## TASK OBJECTIVE
Could you copy word for word only the lines between the one containing "[Jo Curzon and" and the end of the listing below, both included, and leave out the pictures?

## SUPPLIED DATA
BEGIN
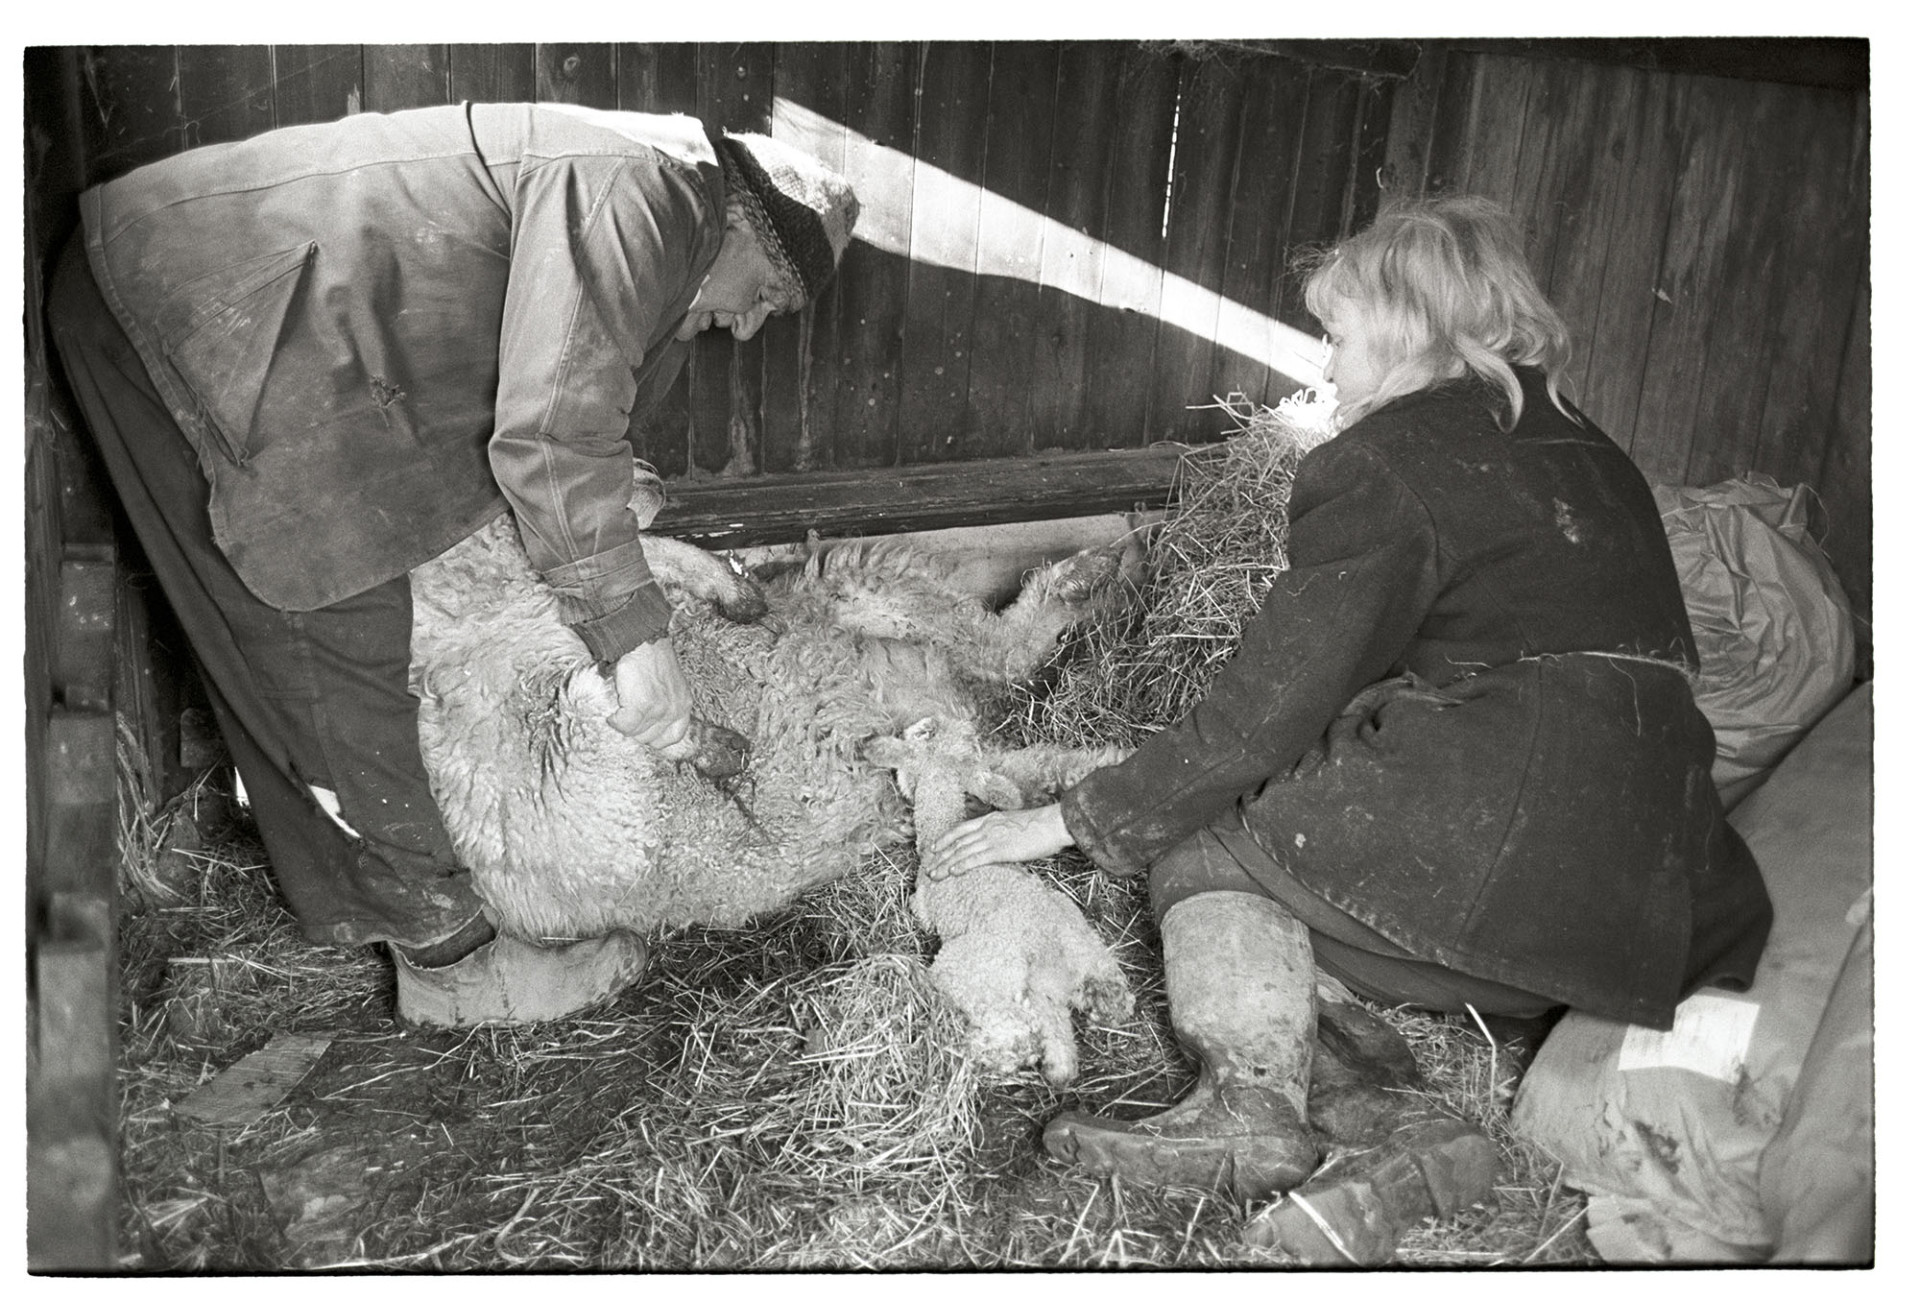 Farmers trying to make lamb take to ewe in shed. 
[Jo Curzon and Archie Parkhouse trying to make a lamb suckle from a ewe in a shed at Millhams, Dolton.]
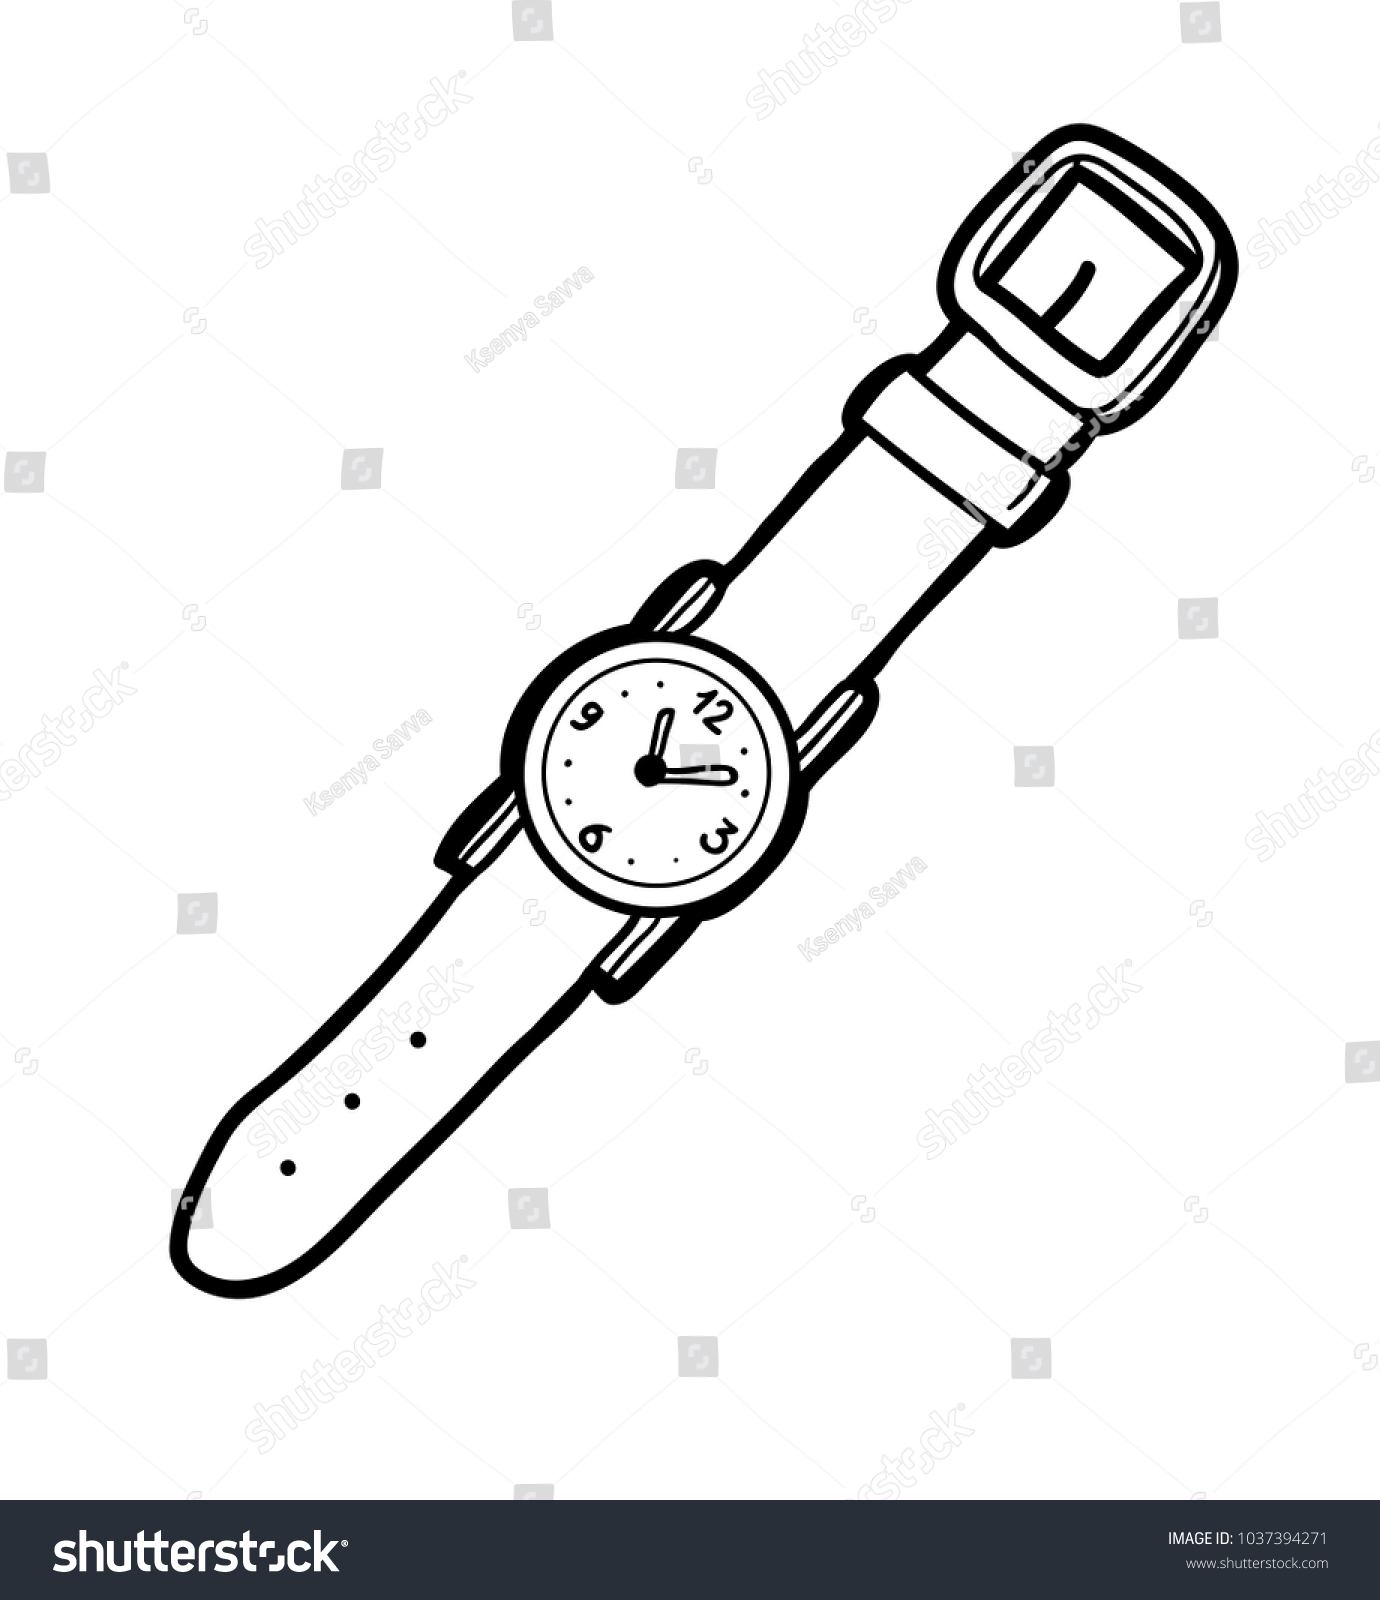 Coloring book children wrist watch stock vector royalty free
END
## EXPECTED ANSWER
[Jo Curzon and Archie Parkhouse trying to make a lamb suckle from a ewe in a shed at Millhams, Dolton.]
 Coloring book children wrist watch stock vector royalty free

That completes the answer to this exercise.